Inside the mammalian host, macrophages represent an important site for the duplication of T. cruzi. One of the most important mechanisms in the protective immunity against T. cruzi is the activation of macrophages in order to achieve the elimination of parasites (Figure 3). CAMϕ are able eliminate T. cruzi thanks to NOS2 and RONS that kill intracellular parasites by the modification of structural properties of T. cruzi molecules. On the other hand, the different forms of AAMϕ present high levels of mannose receptor (MR) and an overregulation of Arginase 1 [30]. Arg-1 hydrolyzes ʟ-arginine in urea and ʟ-ornithine; the latter is the principal intracellular source for the synthesis of polyamines and trypanothione. Polyamines are small cationic molecules required for cellular proliferation and macrophage homeostatic processes, besides being vital for the intracellular growth of Trypanosoma [19, 31]. Both inducible enzymes share ʟ-arginine as substrate, and the expression and function of both enzymes are reciprocally regulated by the action of Th1 and Th2 cytokines. Thus, ʟ-arginine is situated as a frontier between the elimination and survival of Trypanosoma in host cells, and its metabolism is a determinant factor in the evolution of the disease.

Figure 3.

l-arginine metabolism in macrophages during T. cruzi infection.
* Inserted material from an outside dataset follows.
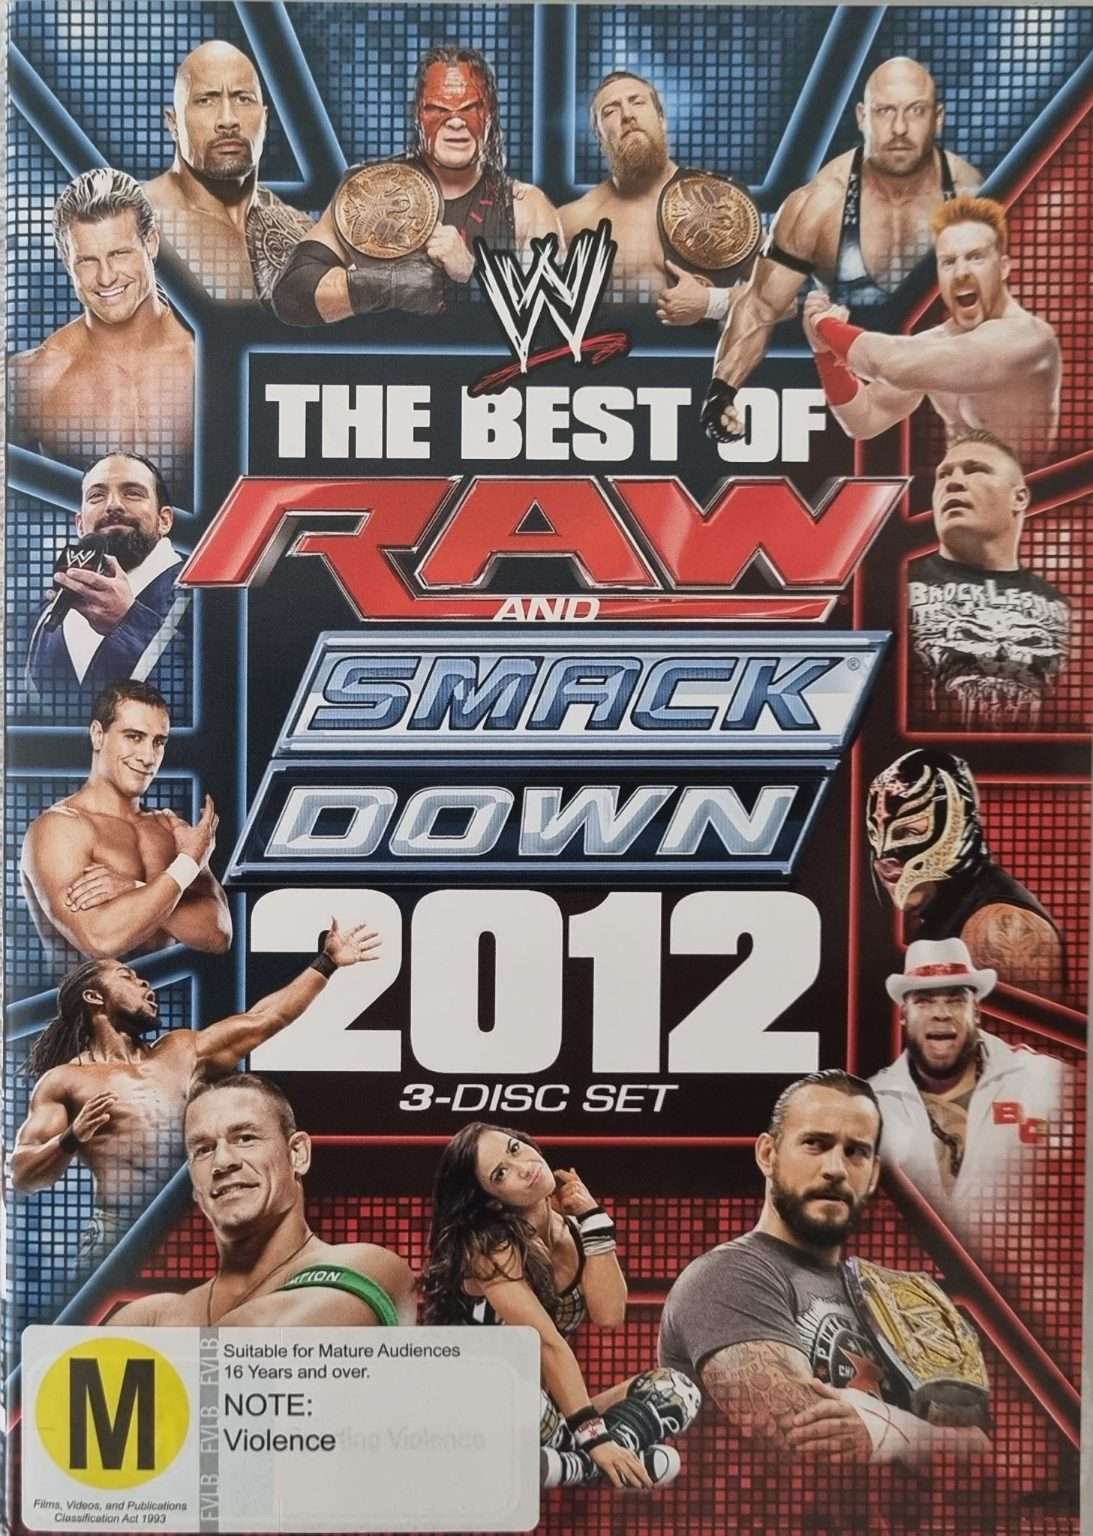 WWE: The Best of Raw and Smackdown 2012 3 Disc

In classically activated macrophages (CAMФ), inducible nitric oxide synthase (iNOS) expression and function are induced. l-arginine metabolism through this enzyme entails the production of nitric oxide that possesses great trypanocidal capacity. In alternatively activated macrophages (AAMФ), arginase 1 (Arg-1) expression and function are induced. l-arginine metabolism through this enzyme entails the production of polyamines that favor T. cruzi multiplication inside macrophages.

In response to the defense mechanisms of the host, parasites have developed several strategies in order to escape host immune response and take advantage of some host’s molecules. In this way, parasites must reduce the production of toxic molecules, including nitric oxide and its derivatives, that are synthesized by the immune system, in particular by macrophages [32, 33, 34]. In addition, internalized parasites of different T. cruzi strains are able to escape from the parasitophorous vacuole of resident macrophages [35], a strategy that utilizes a variety of molecules with antioxidant properties [36, 37]. Nevertheless, as the infection progresses, the evasion strategies displayed by T. cruzi are widely surpassed by the development of a humoral specific immune response and the activation of macrophages by IFN-𝛾 and other cytokines. As has been previously mentioned, the infection with T. cruzi can have an acute or a chronic phase. One of the possible causes of the passage from one phase to another is the fact that the effector immune response against the parasite is insufficient or inappropriate due to a deficient activation of the specific immune response or an excessive regulation of this response.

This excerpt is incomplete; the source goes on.